[Assignment]:
Exactly the lines from the one holding "Loser Machine Endless Hat - Rust image 1" through the end of the material below must be printed, nothing more, and the pictures must be dropped.

[Data section]:
───
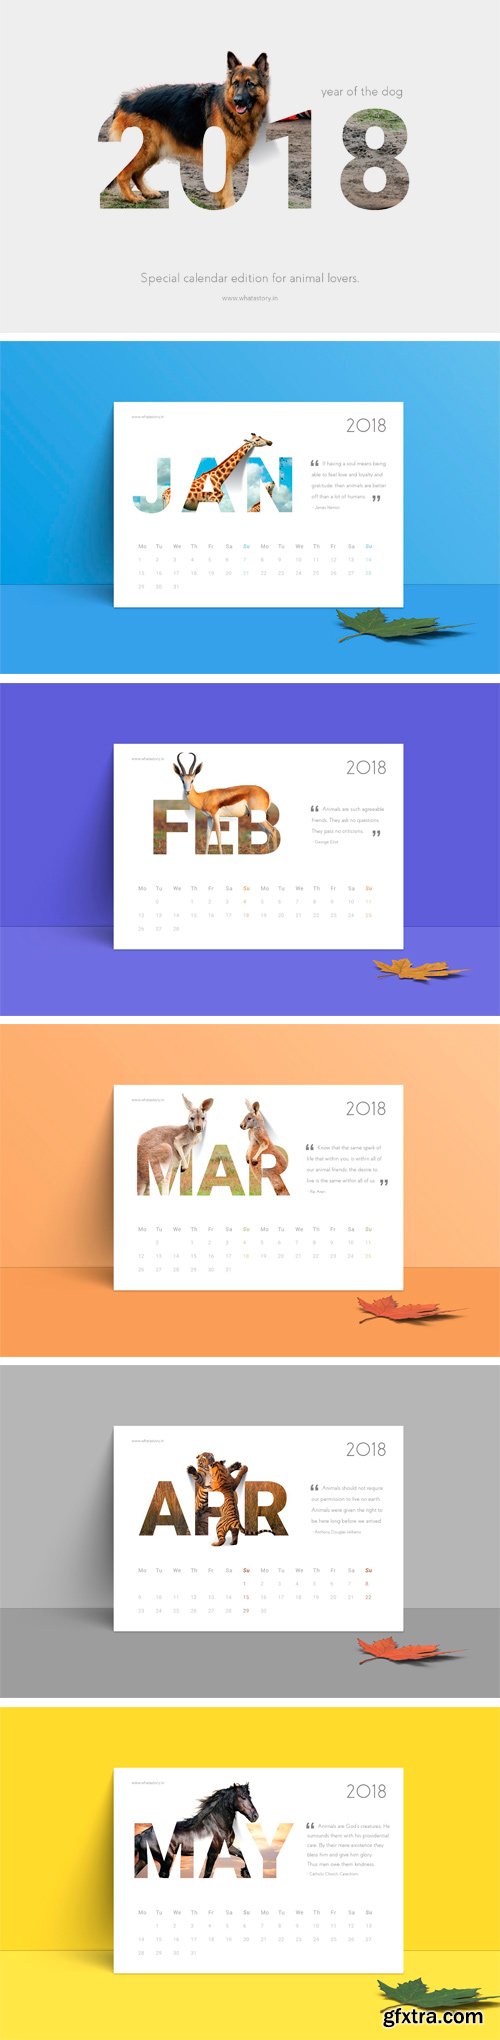 CM - 2018 Calendar | Animals 2009222
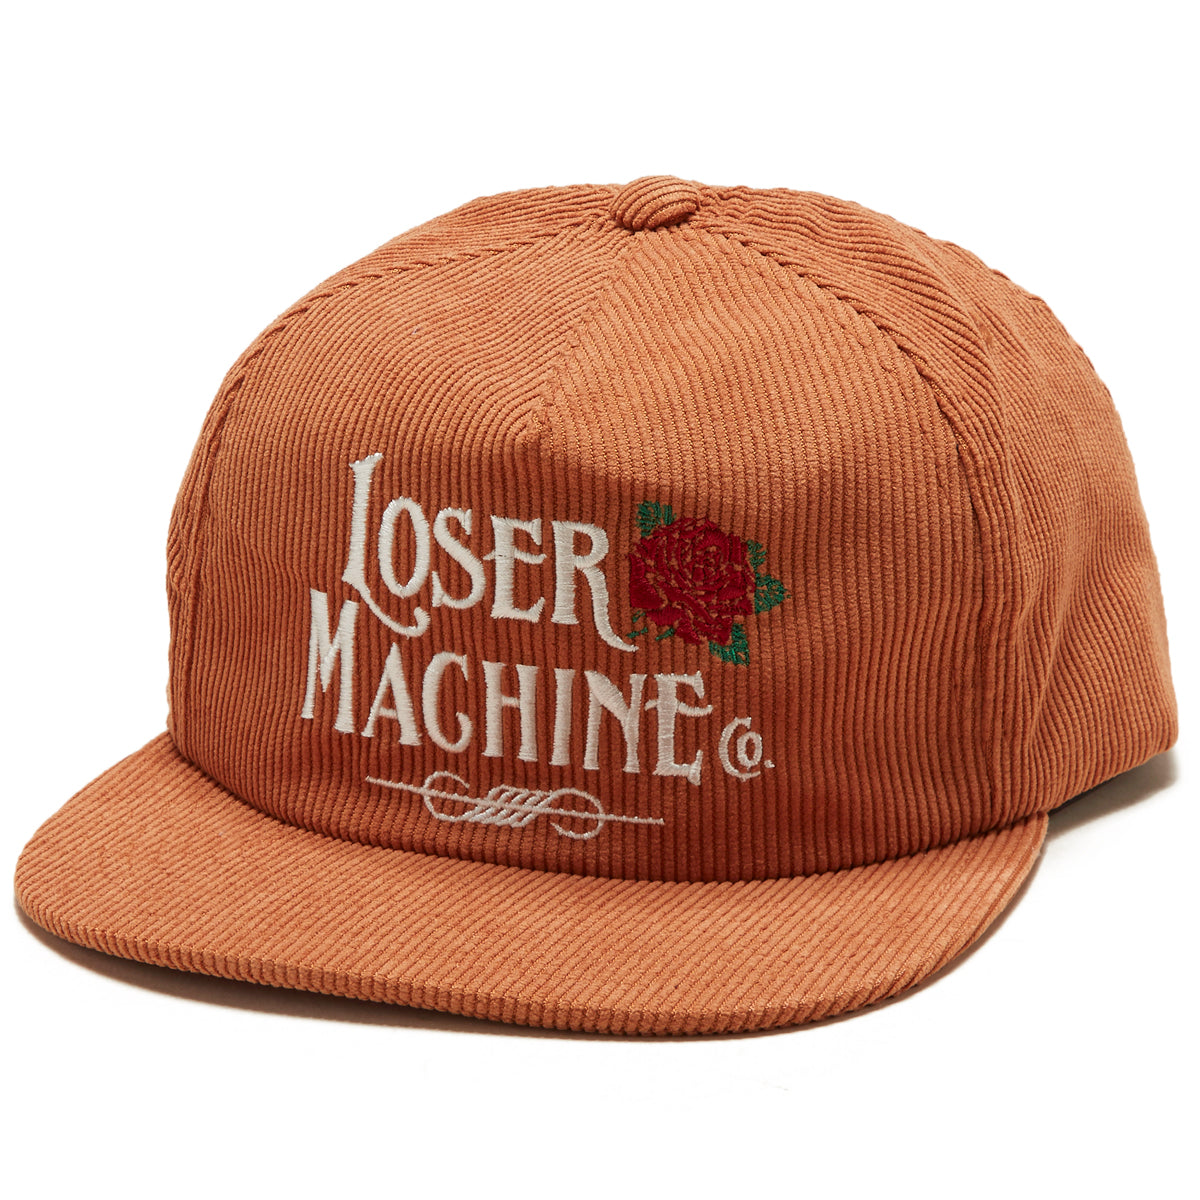 Loser Machine Endless Hat - Rust image 1
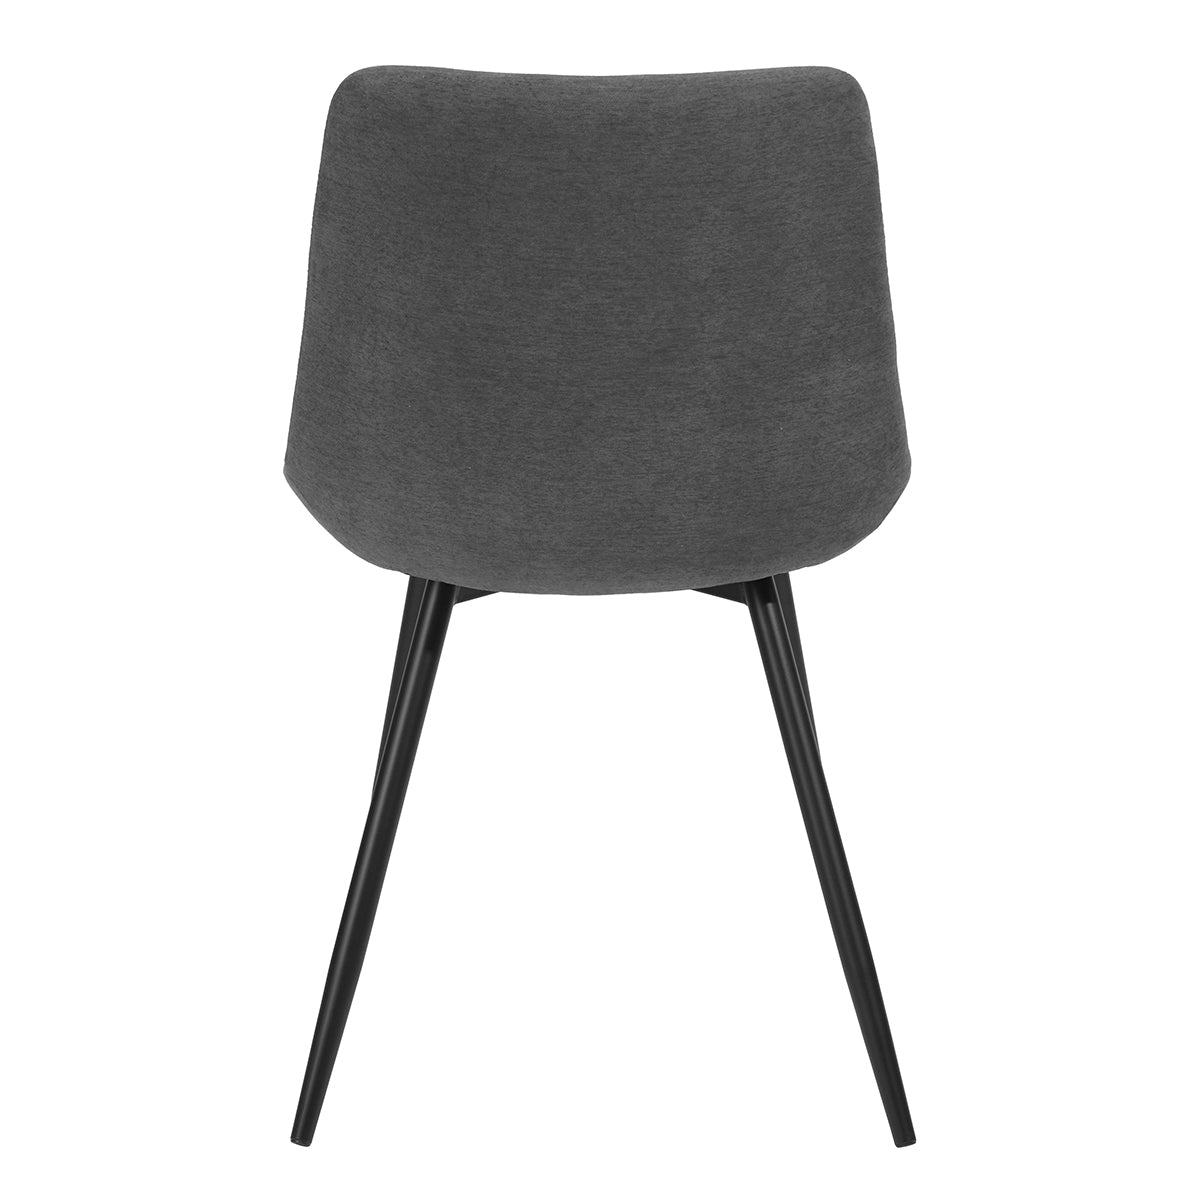 Set of 2 beige fabric dining chairs - CASEMIRO 2PCS (SET OF 2)
───
[Solution]:
 Loser Machine Endless Hat - Rust image 1
 Set of 2 beige fabric dining chairs - CASEMIRO 2PCS (SET OF 2)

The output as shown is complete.